Alan Santiago
Há 130 anos, nascia um dos maiores escritores do século XX. De família judia, escrevendo em alemão, Franz Kafka analisou os problemas impostos à condição humana pela racionalidade de nossa sociedadeCerta vez, Max Brod perguntou ao amigo Franz Kafka: “Existiria então esperança fora desse mundo de aparências que conhecemos?”. Um dos maiores escritores do século XX, nascido em Praga no dia 3 de julho de 1883, há exatos 130 anos, riu e respondeu em seguida: “Há esperança suficiente, esperança infinita – mas não para nós”.
Reproduzido em ensaio do filósofo
alemão Walter Benjamin, o diálogo é lapidar pela desesperança a que, lançado o
próprio autor, Kafka acabou atribuindo a seus personagens.
As figuras que aparecem nos romances
– nos inacabados O Castelo (1926) e O Processo (1925) – e contos – em, por
exemplo, “O Veredito” (1912) e “Na Colônia Penal” (1919) – estão sempre diante
de uma sociedade monstruosa, fragmentada e por isso mesmo inconciliável.
Cresce numa família de classe média,
numa República Tcheca ainda território do Império Austro-húngaro. De origem
pobre, o pai, Hermann Kafka, fez de tudo para abandonar o passado de penúria.

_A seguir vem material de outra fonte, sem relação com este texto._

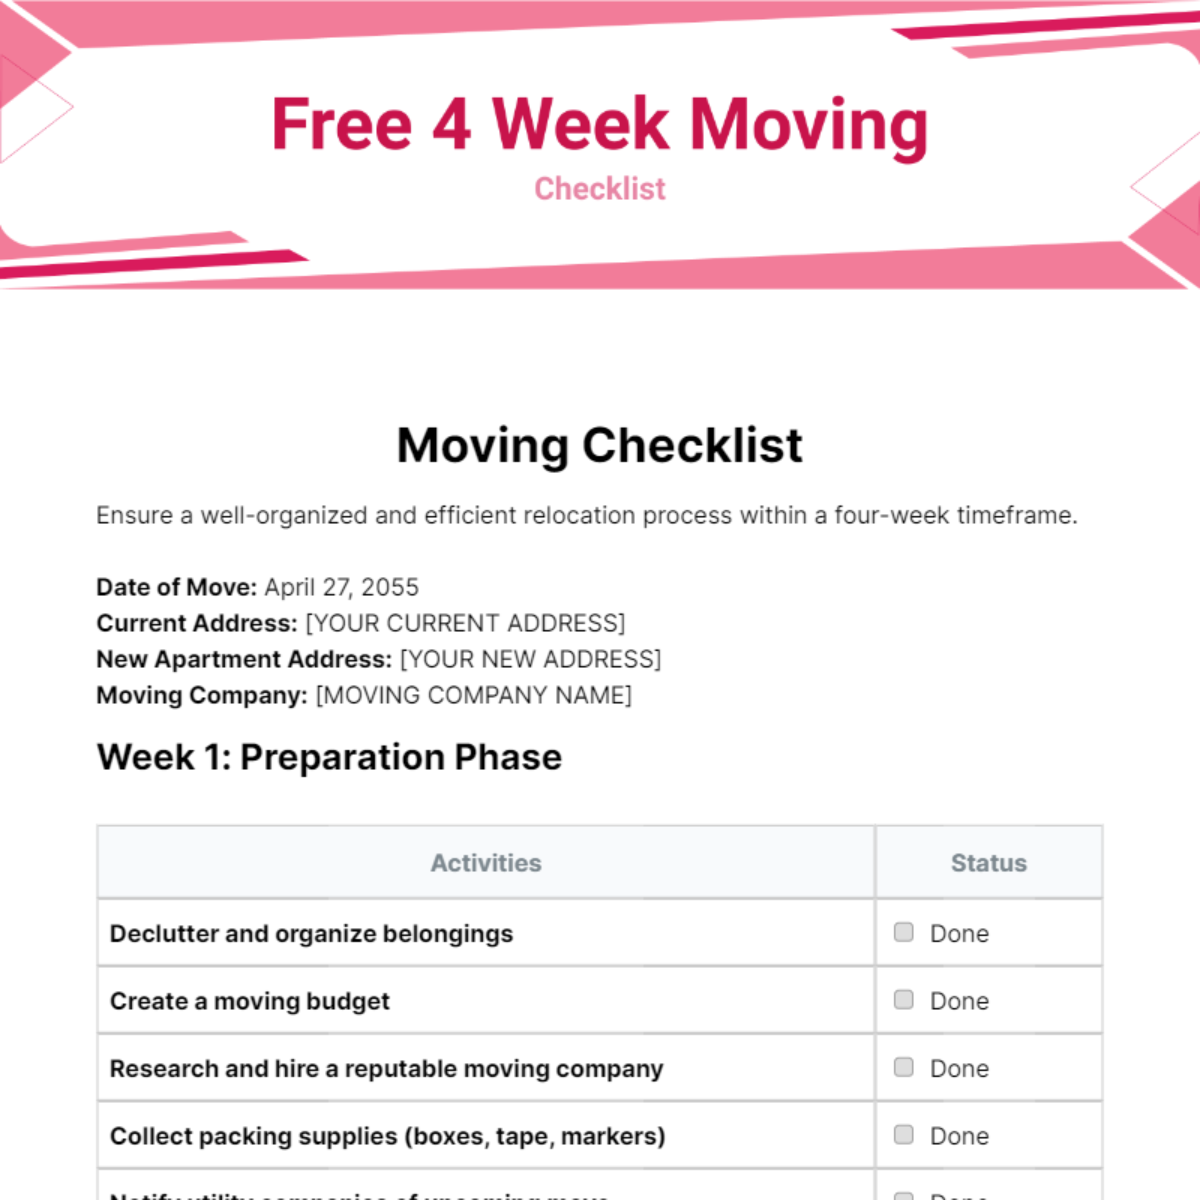 Free 4 Week Moving Checklist Template
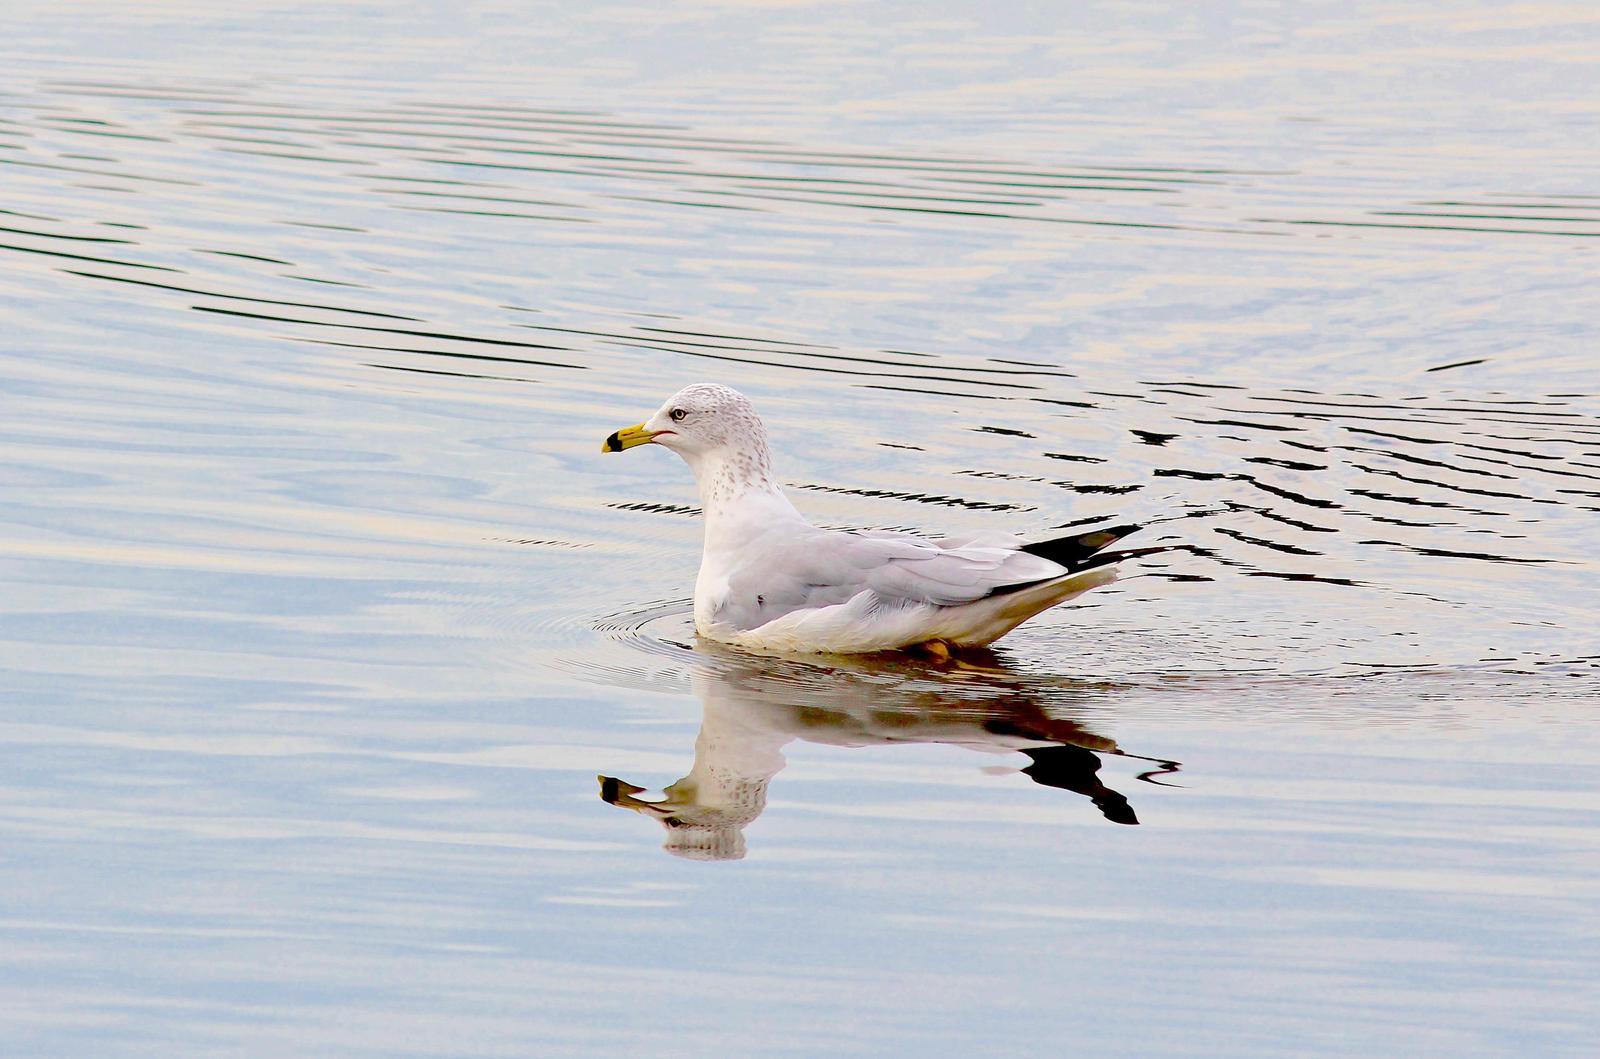 Ring-billed Gull Photo by Kathryn Keith

Conseguiu. Após um tempo como representante comercial, se torna dono de uma
próspera loja de miudezas e roupas.
A mãe, Julie Löwy, que dedicava
inúmeras horas do dia aos negócios da família, deu à luz seis filhos – do qual
Kafka foi o mais velho. Com a morte de dois irmãos, ele tornava-se o único
homem entre os filhos.
Os Kafka acabaram duplamente afetados
pelo que eram: desacreditados por falar alemão em meio à multidão tcheca;
julgados dentro da comunidade por sua origem judia.
Essa encruzilhada de identidades e
linguagens levou os filósofos Gilles Deleuze e Felix Guattari, em Kafka – por
uma literatura menor (1975), a afirmar que os judeus de Praga, ao mesmo tempo
uma parte da minoria e excluídos dela, eram tratados como “ciganos que roubam
uma criança alemã do berço”.
A desterritorialização de Kafka com o
mundo iria também se aprofundar em relação à própria família. Principalmente,
porque vão se agravando ao longo dos anos os conflitos com o pai.
Um deles acontece quando, em 1911,
engajado numa fábrica de amianto com o cunhado, Kafka vê seu tempo livre, que
dedicava à literatura, corroído pelo acúmulo de expedientes entre a fábrica e a
companhia de seguros, onde também trabalhava.
Conflitos
Em 1918, o pai
tripudia da vontade do filho, já aos 36 anos, de casar com Julie, que conheceu
pouco antes. Kafka já havia passado por outras tentativas infrutíferas de
casamento; duas vezes inclusive com a secretária Felice Bauer.
“Eu simplesmente não consigo entendê-lo, você é um homem feito, você vive na cidade e ainda assim não consegue fazer melhor do que casar com a primeira garota que a aparece”, desdenhou o pai.
No ano seguinte, Kafka dedica a
Hermann Um Médico Rural, coleção de contos que inclui a história do doutor
tentando sem sucesso visitar uma criança doente numa noite fria. Quando veio
lhe mostrar o livro, o pai afirmou: “Coloque em cima do criado-mudo”.
As palavras derrotaram o escritor.
Naquele mesmo ano, escreveria Carta ao Pai (1919), uma missiva totalmente
amargurada que tentava acertar as contas com o patriarca, mas que nunca chegou
a enviar ao ser dissuadido pela mãe e a irmã.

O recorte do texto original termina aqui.